Machine Learning
Nov 2025

Foundations of Large Language Models

Tong Xiao, Jingbo Zhu
arXiv:2501.09223

This work is a comprehensive reference on large language models, primarily focusing on foundational concepts rather than exhaustive coverage of cutting-edge techniques. It is organized around five core topics and targets college students, professionals, and NLP practitioners.

Abstract

The work is described as "a book about large language models" that "primarily focuses on foundational concepts rather than comprehensive coverage of all cutting-edge technologies." The publication is organized around five core topics: pre-training, generative models, prompting, alignment, and inference.
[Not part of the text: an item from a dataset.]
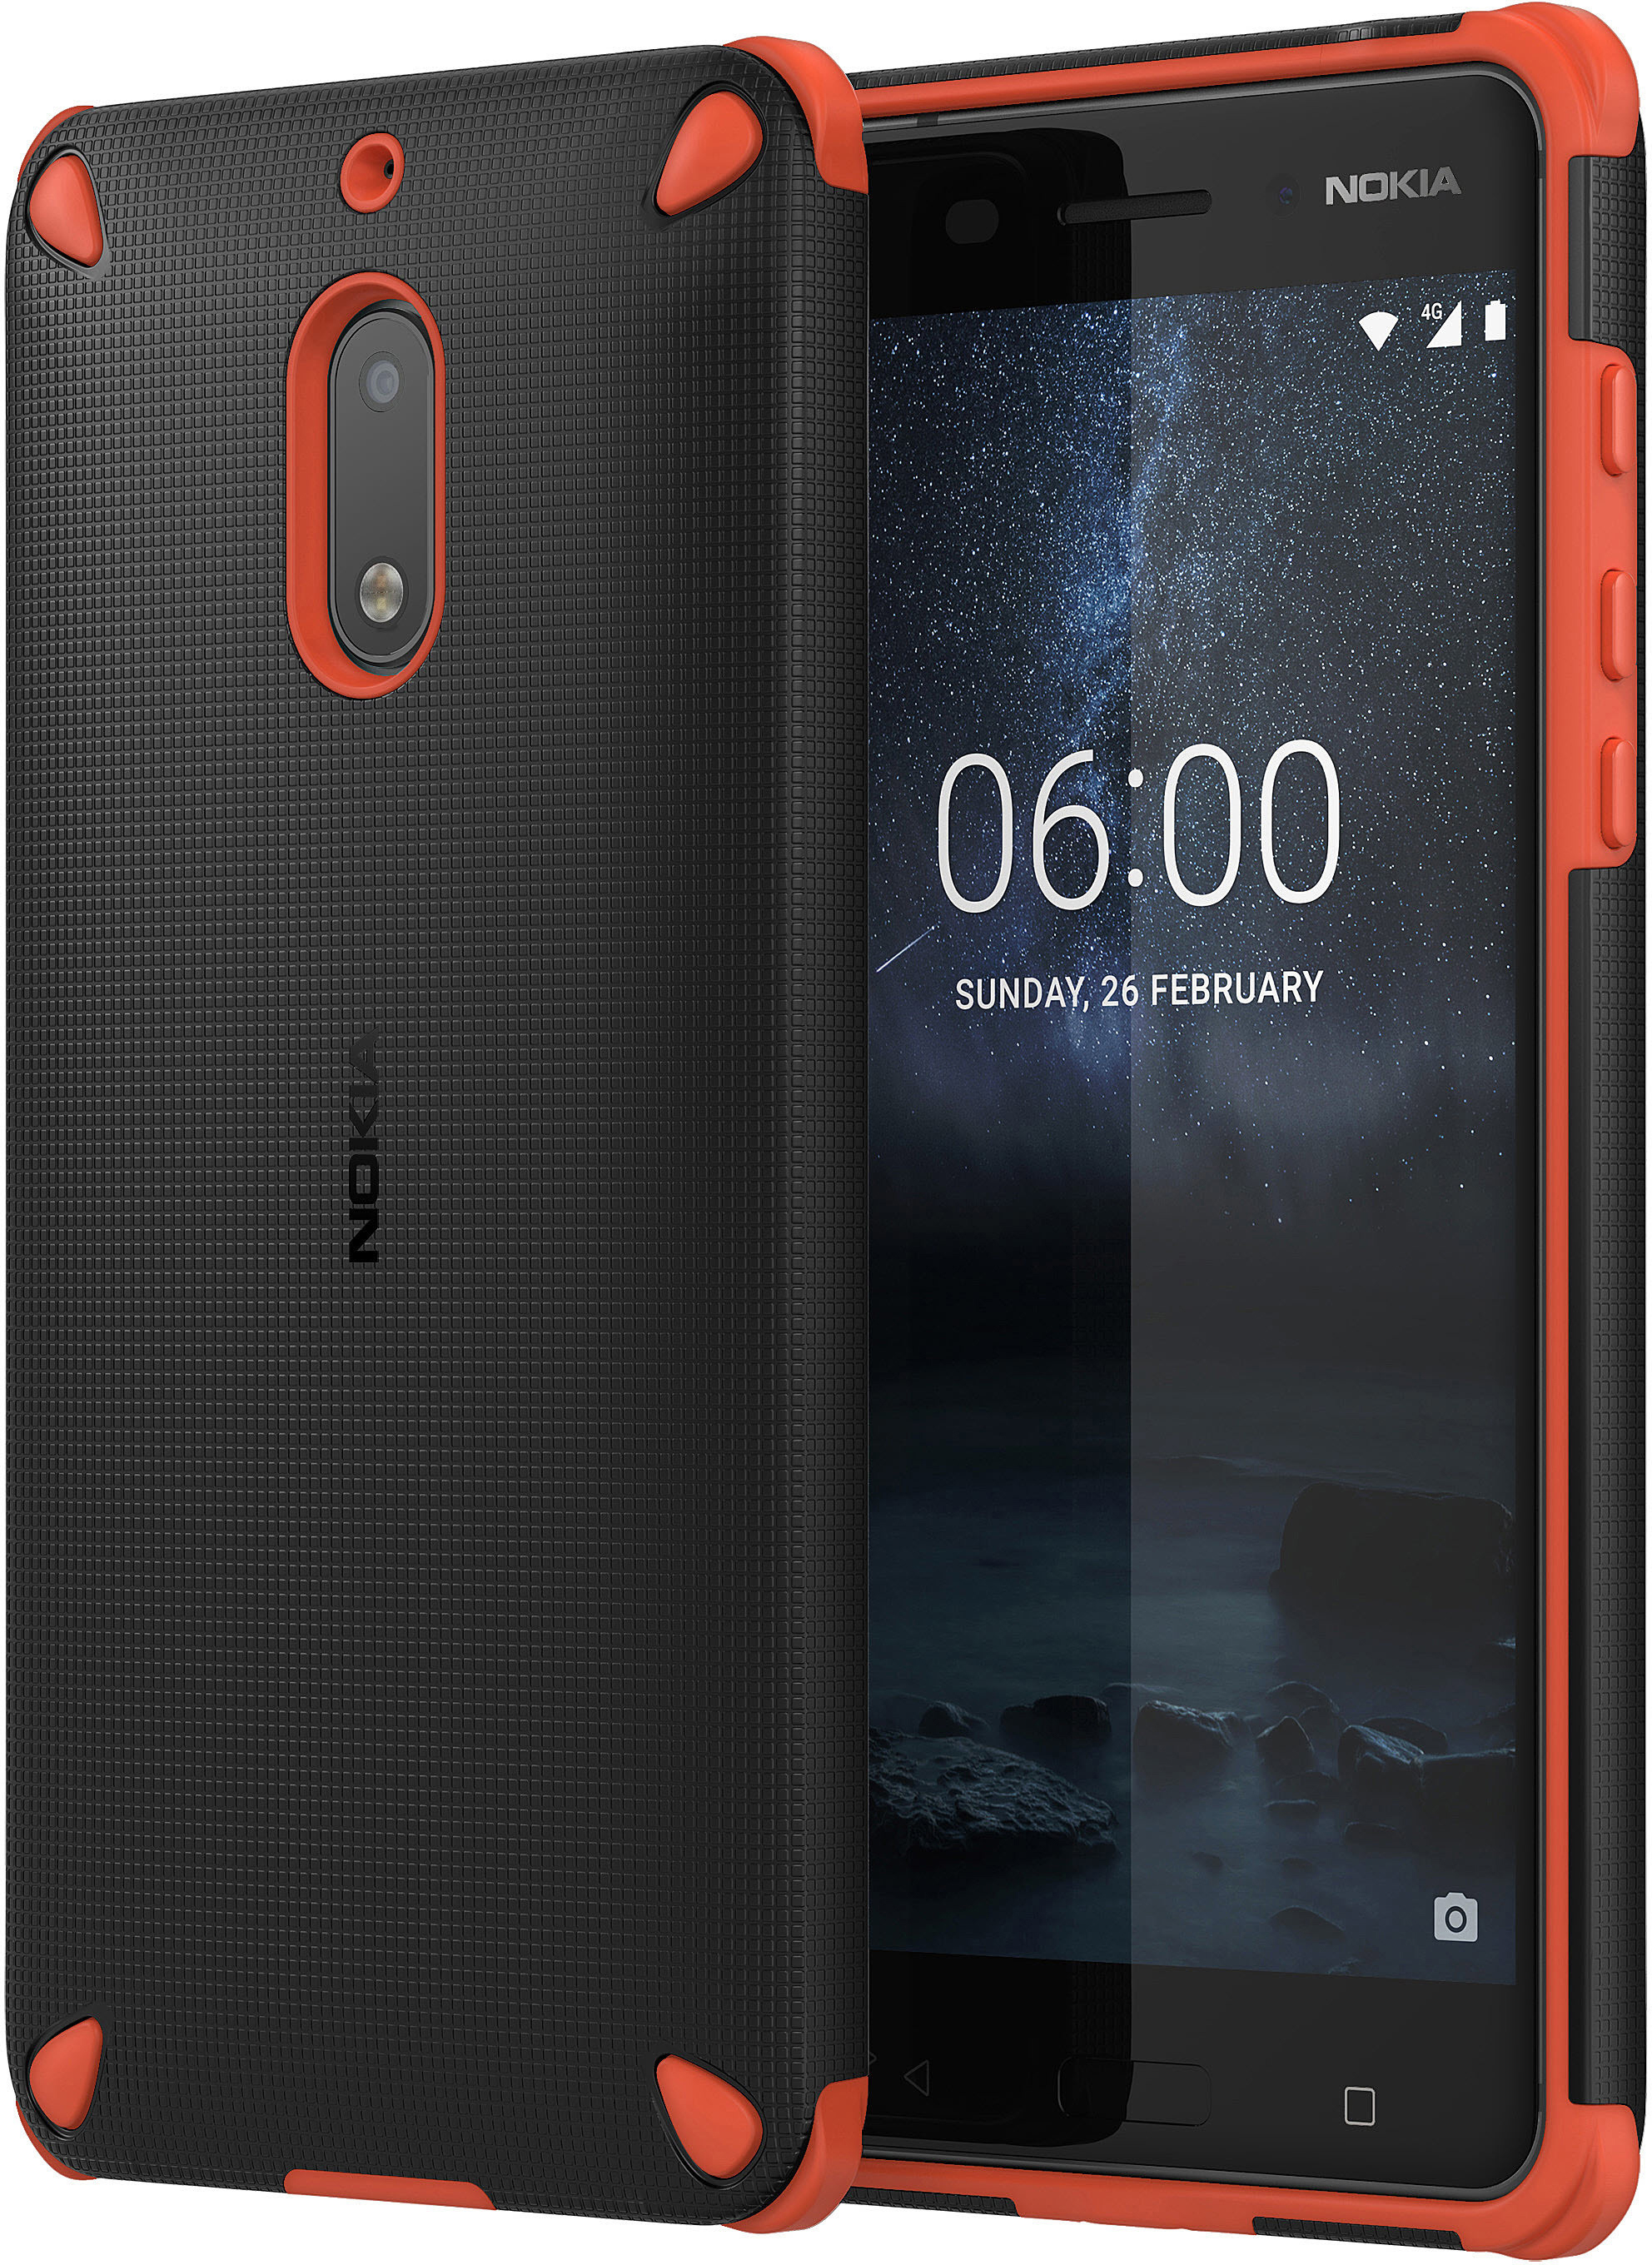 Case Impact NOKIA Nokia, 6, Orange Rugged CC-501, Backcover,

It targets college students, professionals, and NLP practitioners as its intended audience, functioning as both an educational resource and reference material.

Core Topics

  • Pre-training: The process of training large models on broad corpora before task-specific fine-tuning — covering data pipelines, tokenization, and self-supervised objectives.
  • Generative Models: Architectures and techniques enabling coherent, contextually aware text generation at scale.
  • Prompting: Techniques for eliciting desired behaviors from pre-trained models without weight updates — including few-shot, zero-shot, and chain-of-thought prompting.
  • Alignment: Methods for steering model outputs toward human values and intentions, including RLHF, constitutional AI, and instruction tuning.
  • Inference: Efficient deployment strategies for serving large models, including quantization, speculative decoding, and KV-cache optimization.

Intended Audience

The text is designed for readers with a background in machine learning who want a rigorous, foundational understanding of how large language models work — from architecture decisions during pre-training through to practical deployment and alignment concerns. It functions as both a course textbook and a reference guide for practitioners building production NLP systems.

Publication Details

Submitted January 16, 2025. Latest revision June 15, 2025. Subject areas span Computation and Language (cs.CL), Artificial Intelligence (cs.AI), and Machine Learning (cs.LG). Licensed under Creative Commons Attribution 4.0.